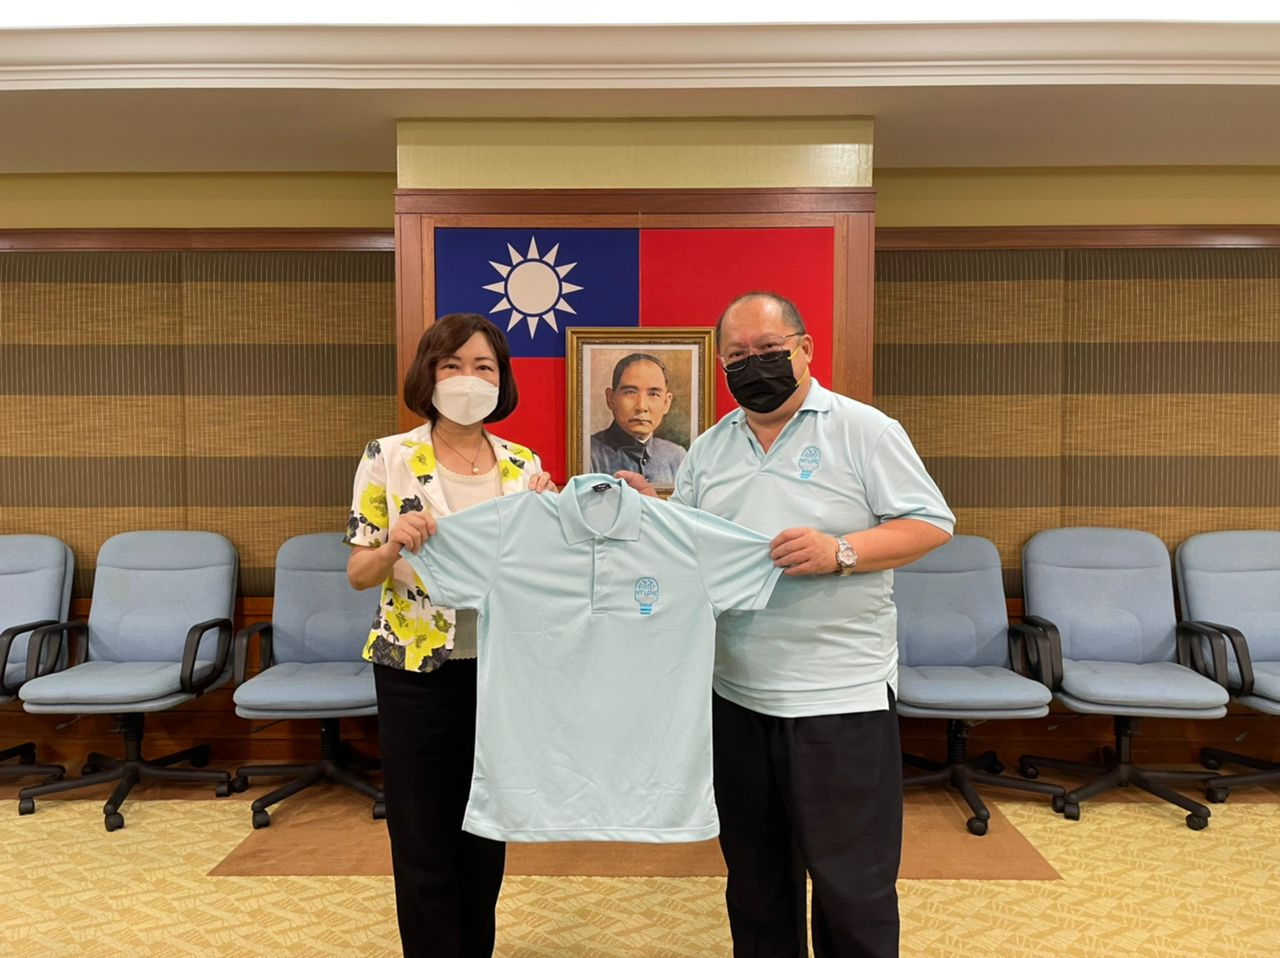 Persatuan Siswazah-Siswazah Universiti Kebangsaan Taiwan, Malaysia menyampaikan pakaian peringatan kepada Wakil Anne Hung untuk pertandingan pengaturcaraan.

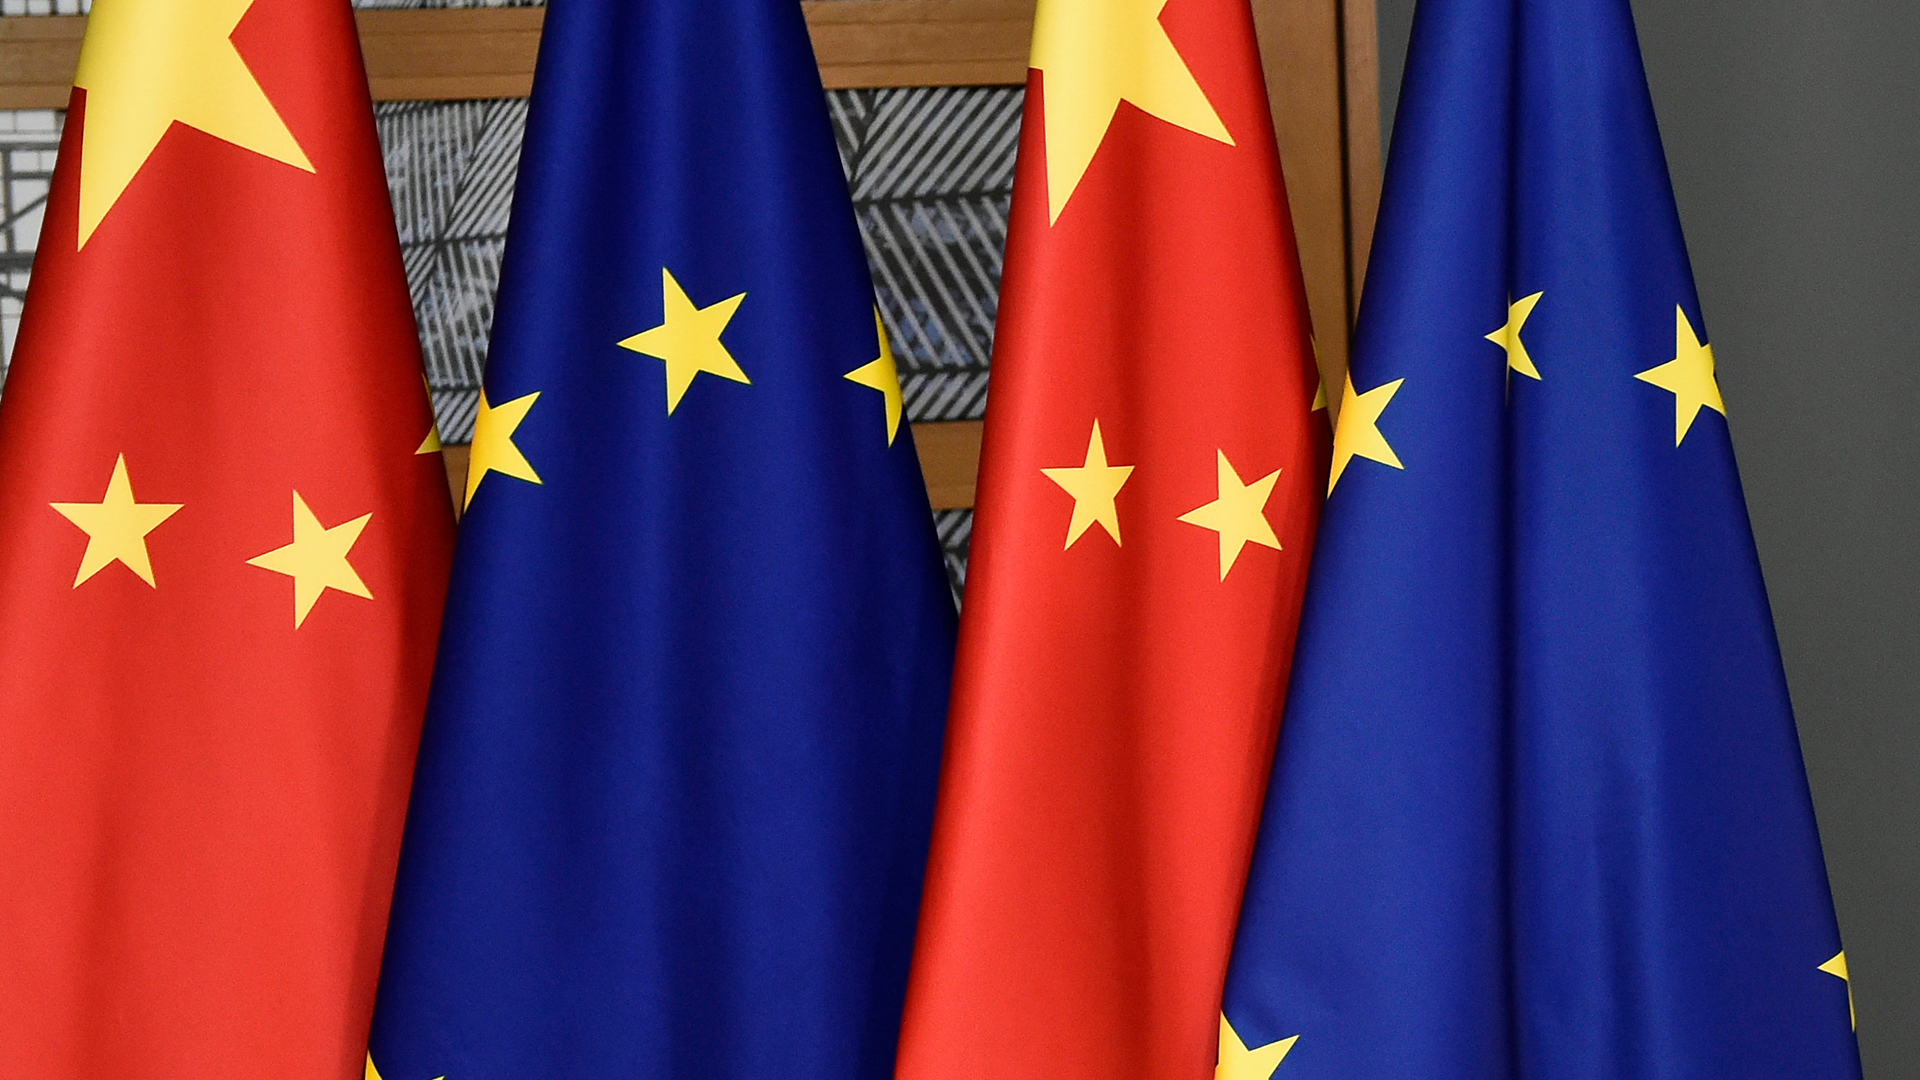 Flaggen von China und Europa stehen nebeneinander. | AP
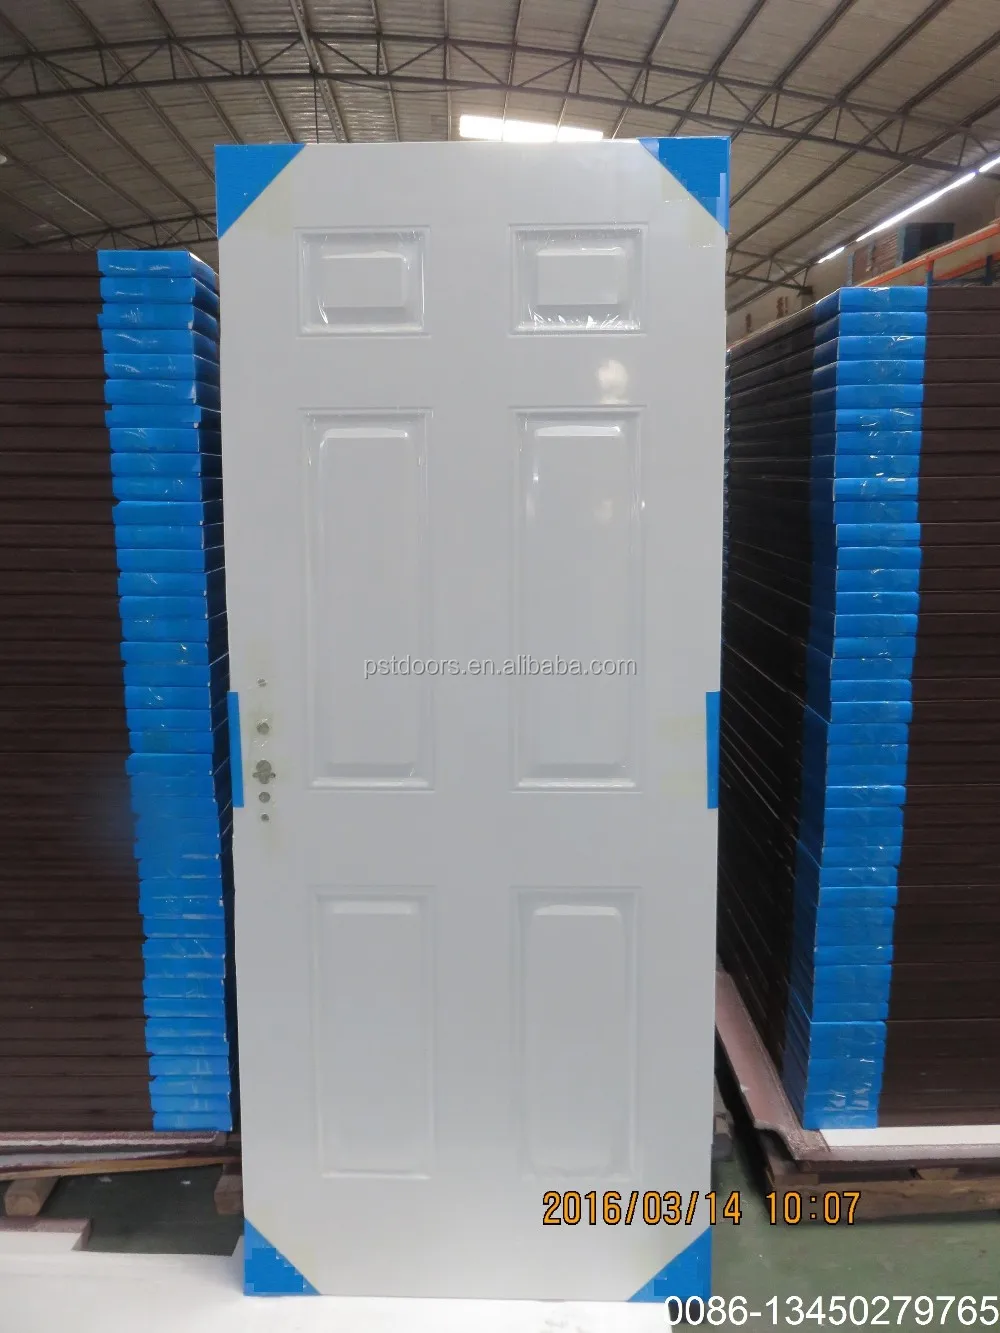 3 panel PVC laminated steel door with wooden edge
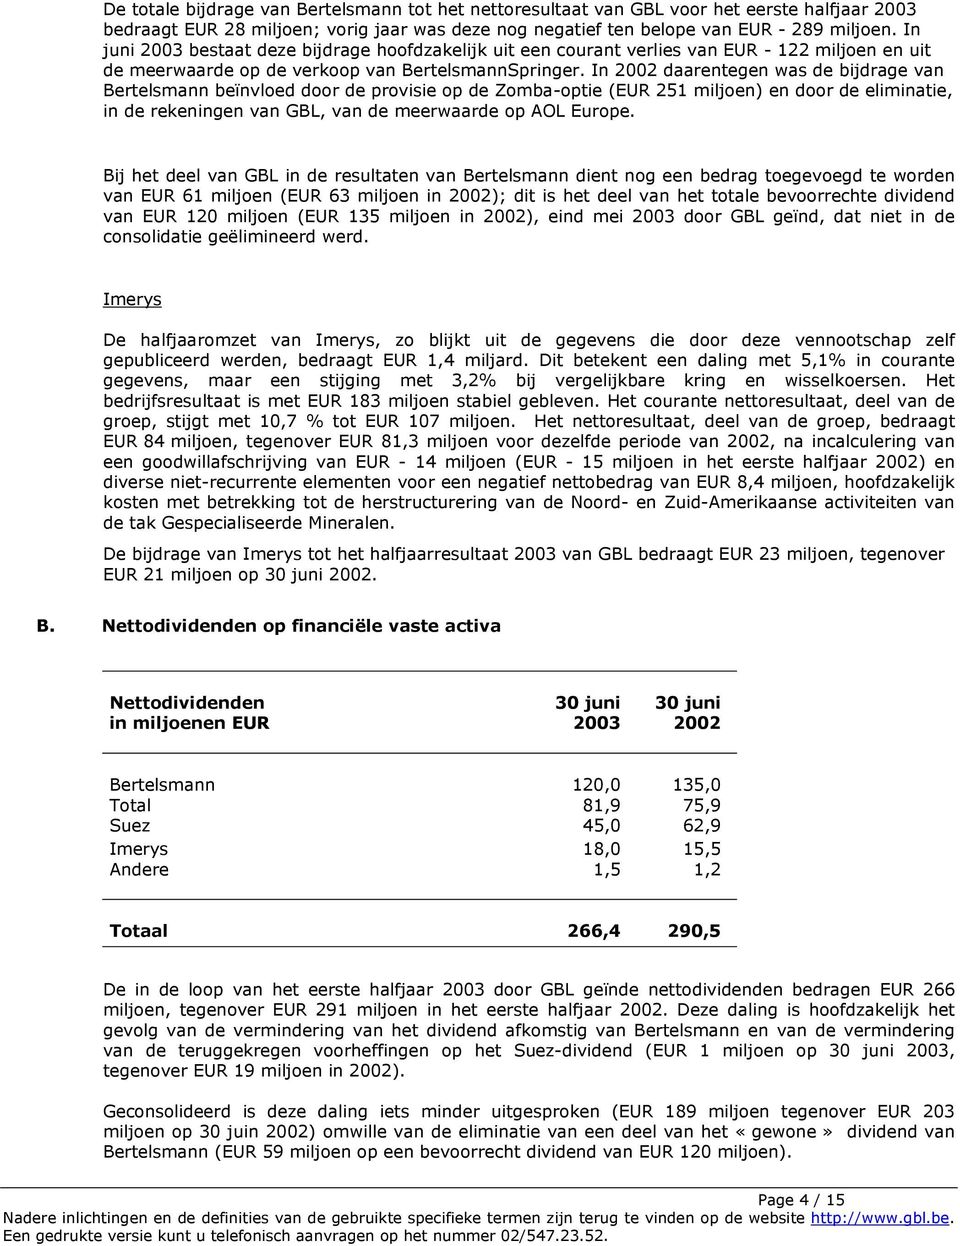 In 2002 daarentegen was de bijdrage van Bertelsmann beïnvloed door de provisie op de Zomba-optie (EUR 251 miljoen) en door de eliminatie, in de rekeningen van GBL, van de meerwaarde op AOL Europe.
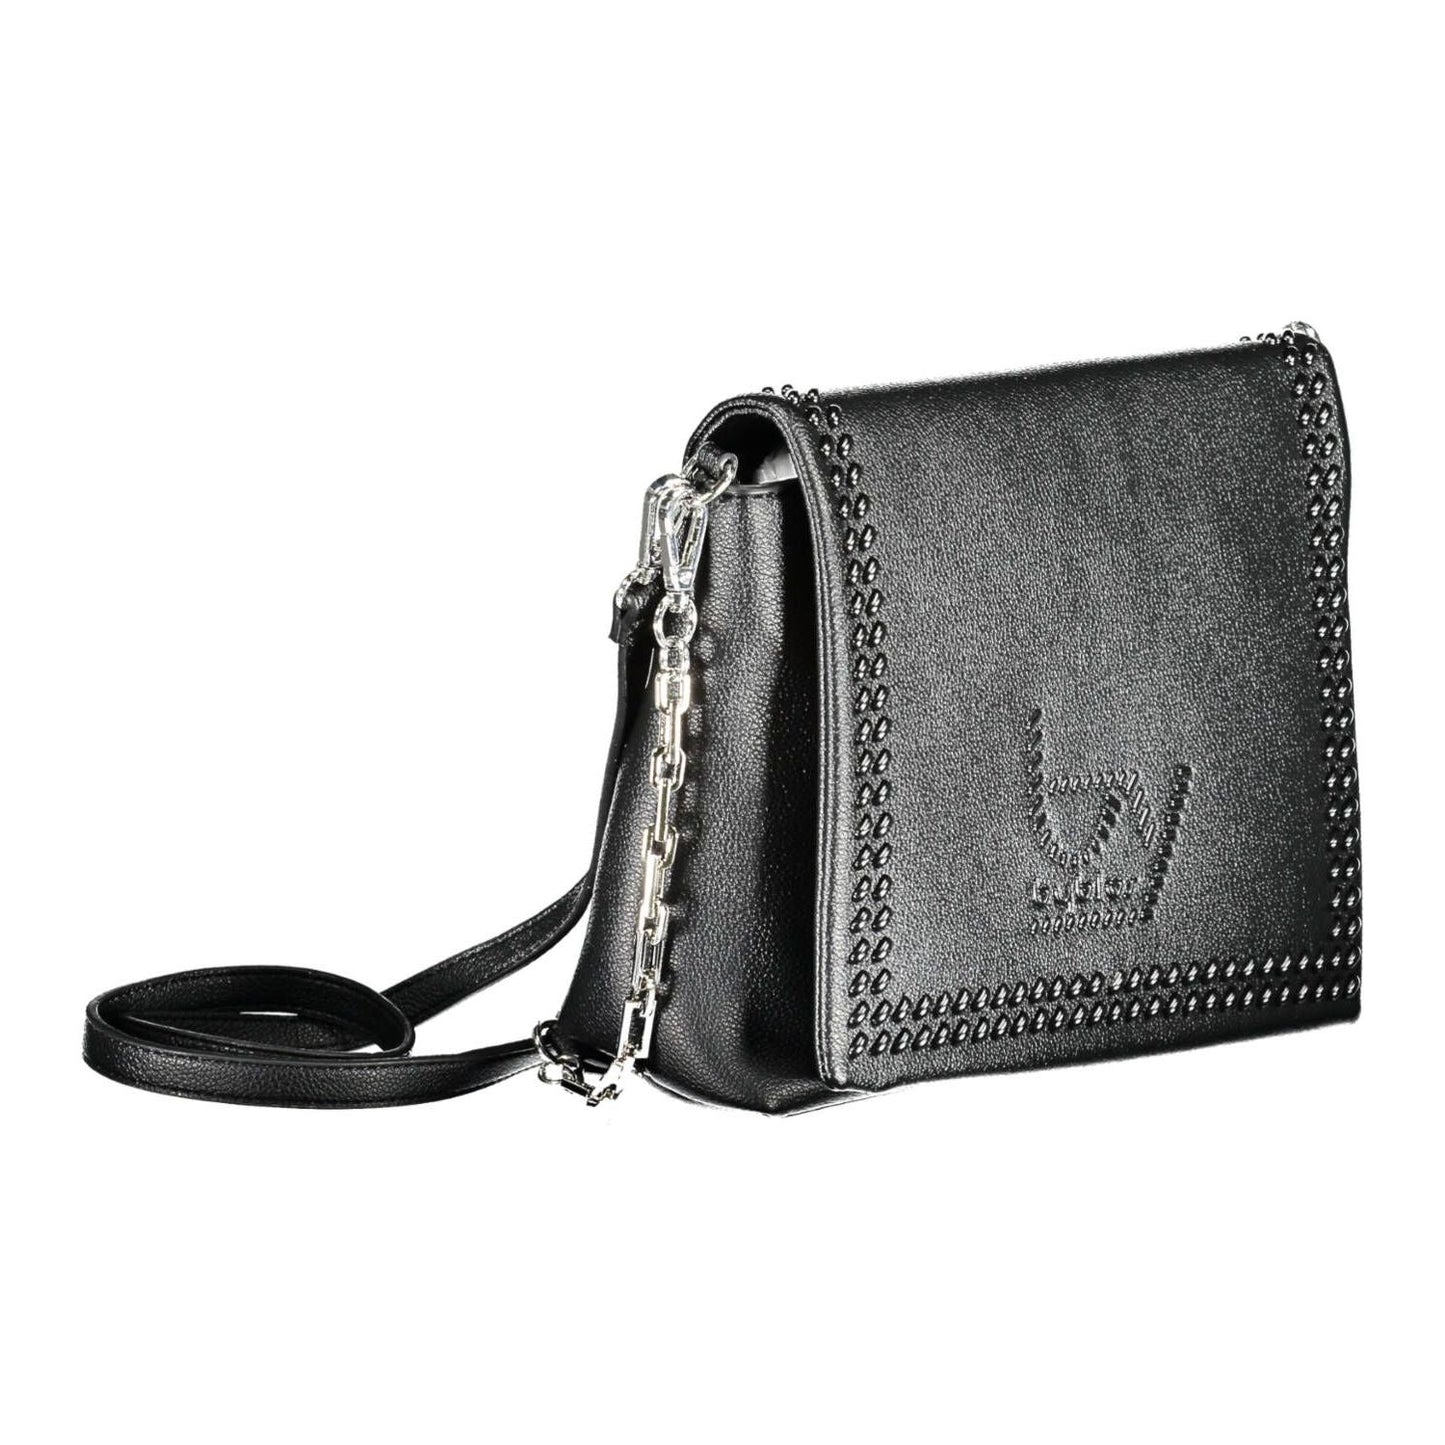 BYBLOS Elegant Chain-Handle Black Shoulder Bag elegant-chain-handle-black-shoulder-bag-1

━━━━━━━━━━━━━━━━━━━━

Starting at the first line of the records and stopping after the line with "In 2002 daarentegen", copy each line exactly; pictures stay out.

Expected answer >>
 Persatuan Siswazah-Siswazah Universiti Kebangsaan Taiwan, Malaysia menyampaikan pakaian peringatan kepada Wakil Anne Hung untuk pertandingan pengaturcaraan.

 Flaggen von China und Europa stehen nebeneinander. | AP
 3 panel PVC laminated steel door with wooden edge
 In 2002 daarentegen was de bijdrage van Bertelsmann beïnvloed door de provisie op de Zomba-optie (EUR 251 miljoen) en door de eliminatie, in de rekeningen van GBL, van de meerwaarde op AOL Europe.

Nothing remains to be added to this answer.